[[ MATERIAL TO PROCESS open ]]

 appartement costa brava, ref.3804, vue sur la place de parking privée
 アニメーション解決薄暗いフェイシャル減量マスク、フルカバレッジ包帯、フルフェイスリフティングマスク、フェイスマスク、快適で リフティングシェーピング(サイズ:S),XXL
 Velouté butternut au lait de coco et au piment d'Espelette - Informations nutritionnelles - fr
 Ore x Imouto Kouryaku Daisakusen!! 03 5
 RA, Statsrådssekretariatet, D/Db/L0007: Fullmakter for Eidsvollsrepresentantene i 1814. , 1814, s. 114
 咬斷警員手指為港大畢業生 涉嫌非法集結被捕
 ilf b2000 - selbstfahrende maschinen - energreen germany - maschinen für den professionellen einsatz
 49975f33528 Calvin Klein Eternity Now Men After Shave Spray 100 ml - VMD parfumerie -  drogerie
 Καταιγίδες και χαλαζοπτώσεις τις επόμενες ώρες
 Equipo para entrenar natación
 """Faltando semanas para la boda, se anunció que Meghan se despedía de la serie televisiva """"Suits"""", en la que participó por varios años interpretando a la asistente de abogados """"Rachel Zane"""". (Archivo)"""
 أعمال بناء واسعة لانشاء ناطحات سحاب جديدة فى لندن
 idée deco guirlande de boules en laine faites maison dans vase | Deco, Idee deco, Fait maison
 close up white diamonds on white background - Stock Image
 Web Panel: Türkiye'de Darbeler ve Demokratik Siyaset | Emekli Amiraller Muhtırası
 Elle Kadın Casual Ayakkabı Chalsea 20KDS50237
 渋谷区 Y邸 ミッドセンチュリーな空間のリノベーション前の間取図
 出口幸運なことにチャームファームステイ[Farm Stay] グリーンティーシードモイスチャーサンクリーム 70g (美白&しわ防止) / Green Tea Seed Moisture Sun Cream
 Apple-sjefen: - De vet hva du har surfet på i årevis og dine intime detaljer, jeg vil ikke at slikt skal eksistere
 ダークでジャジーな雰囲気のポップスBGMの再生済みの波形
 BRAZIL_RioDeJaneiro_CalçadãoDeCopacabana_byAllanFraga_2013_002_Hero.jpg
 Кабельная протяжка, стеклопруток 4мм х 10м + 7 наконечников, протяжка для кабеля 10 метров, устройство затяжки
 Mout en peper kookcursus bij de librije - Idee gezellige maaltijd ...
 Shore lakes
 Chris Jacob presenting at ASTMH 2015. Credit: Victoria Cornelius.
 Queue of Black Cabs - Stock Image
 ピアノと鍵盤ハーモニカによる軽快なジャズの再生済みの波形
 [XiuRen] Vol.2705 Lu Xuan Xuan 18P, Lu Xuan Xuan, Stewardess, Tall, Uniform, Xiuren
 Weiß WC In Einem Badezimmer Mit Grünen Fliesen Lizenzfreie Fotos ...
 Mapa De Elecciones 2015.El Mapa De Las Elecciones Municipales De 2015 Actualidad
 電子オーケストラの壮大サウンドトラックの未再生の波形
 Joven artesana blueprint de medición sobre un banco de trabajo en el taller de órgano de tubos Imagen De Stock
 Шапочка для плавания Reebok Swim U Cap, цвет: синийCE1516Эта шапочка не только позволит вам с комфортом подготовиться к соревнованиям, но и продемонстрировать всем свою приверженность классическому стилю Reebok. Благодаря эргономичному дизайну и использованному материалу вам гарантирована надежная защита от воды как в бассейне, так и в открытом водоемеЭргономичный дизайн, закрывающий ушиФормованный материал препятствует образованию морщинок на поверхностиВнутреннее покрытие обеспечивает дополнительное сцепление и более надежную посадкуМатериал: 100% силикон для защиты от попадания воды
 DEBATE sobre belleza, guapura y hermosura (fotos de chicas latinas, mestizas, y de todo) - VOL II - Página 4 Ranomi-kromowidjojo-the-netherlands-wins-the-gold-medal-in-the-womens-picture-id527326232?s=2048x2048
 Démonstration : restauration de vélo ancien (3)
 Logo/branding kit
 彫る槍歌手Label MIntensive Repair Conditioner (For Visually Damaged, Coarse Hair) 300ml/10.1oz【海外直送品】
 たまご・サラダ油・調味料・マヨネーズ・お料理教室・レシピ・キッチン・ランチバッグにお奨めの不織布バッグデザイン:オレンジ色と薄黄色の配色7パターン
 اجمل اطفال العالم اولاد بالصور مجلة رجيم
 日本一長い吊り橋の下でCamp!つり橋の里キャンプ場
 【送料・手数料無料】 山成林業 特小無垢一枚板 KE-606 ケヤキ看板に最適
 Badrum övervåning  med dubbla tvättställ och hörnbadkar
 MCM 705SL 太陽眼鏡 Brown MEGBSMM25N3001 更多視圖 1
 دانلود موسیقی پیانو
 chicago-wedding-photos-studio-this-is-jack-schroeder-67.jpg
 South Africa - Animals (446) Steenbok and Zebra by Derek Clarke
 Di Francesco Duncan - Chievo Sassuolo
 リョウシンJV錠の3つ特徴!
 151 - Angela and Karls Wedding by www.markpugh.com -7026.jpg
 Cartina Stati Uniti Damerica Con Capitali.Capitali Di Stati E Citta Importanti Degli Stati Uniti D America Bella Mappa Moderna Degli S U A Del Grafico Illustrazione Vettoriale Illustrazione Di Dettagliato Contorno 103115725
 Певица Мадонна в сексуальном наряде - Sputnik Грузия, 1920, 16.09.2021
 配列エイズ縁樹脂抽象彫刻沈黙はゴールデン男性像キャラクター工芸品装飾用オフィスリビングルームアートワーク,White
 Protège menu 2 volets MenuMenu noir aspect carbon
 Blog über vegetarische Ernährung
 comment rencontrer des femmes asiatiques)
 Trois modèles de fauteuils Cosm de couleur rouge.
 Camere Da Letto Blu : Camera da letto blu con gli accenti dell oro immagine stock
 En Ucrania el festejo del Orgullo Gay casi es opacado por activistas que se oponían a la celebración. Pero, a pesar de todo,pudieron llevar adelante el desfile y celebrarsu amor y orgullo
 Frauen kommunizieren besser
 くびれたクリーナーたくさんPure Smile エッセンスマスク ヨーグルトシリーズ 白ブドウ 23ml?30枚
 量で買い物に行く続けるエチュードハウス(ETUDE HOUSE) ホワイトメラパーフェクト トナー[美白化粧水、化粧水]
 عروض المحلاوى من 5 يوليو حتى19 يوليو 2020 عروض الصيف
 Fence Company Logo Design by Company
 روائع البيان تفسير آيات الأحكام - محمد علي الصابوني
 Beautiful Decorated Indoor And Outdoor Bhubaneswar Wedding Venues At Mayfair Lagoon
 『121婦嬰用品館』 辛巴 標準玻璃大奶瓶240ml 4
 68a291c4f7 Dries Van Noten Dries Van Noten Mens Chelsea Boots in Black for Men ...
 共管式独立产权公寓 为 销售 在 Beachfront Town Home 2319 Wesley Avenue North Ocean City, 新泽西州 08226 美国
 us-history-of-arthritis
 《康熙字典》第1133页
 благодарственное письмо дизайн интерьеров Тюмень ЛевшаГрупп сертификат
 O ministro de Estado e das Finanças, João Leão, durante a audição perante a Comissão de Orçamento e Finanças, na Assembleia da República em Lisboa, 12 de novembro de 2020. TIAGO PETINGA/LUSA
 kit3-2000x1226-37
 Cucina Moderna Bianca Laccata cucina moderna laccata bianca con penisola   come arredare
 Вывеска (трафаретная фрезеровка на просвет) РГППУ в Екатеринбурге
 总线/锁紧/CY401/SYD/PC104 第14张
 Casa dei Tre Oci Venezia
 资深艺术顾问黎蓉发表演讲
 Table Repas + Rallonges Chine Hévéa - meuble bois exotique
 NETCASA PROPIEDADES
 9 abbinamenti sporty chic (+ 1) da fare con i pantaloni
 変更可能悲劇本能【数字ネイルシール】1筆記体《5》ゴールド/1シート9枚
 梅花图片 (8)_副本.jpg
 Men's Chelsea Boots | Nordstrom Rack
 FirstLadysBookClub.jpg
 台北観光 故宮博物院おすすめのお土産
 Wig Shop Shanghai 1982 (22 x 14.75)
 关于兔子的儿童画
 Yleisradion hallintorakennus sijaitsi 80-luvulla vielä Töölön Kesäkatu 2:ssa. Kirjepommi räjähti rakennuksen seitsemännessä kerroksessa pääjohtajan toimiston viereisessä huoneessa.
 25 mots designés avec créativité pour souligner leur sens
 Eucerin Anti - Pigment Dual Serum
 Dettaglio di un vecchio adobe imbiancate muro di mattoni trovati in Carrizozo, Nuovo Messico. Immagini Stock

[[ MATERIAL TO PROCESS closed ]]

▶ EXERCISE:
Reprint exactly the lines above that start at the one with "ピアノと鍵盤ハーモニカによる軽快なジャズの再生済みの波形" and end at the one with "Joven artesana blueprint", keeping both and adding none.

▶ EXPECTED ANSWER:
 ピアノと鍵盤ハーモニカによる軽快なジャズの再生済みの波形
 [XiuRen] Vol.2705 Lu Xuan Xuan 18P, Lu Xuan Xuan, Stewardess, Tall, Uniform, Xiuren
 Weiß WC In Einem Badezimmer Mit Grünen Fliesen Lizenzfreie Fotos ...
 Mapa De Elecciones 2015.El Mapa De Las Elecciones Municipales De 2015 Actualidad
 電子オーケストラの壮大サウンドトラックの未再生の波形
 Joven artesana blueprint de medición sobre un banco de trabajo en el taller de órgano de tubos Imagen De Stock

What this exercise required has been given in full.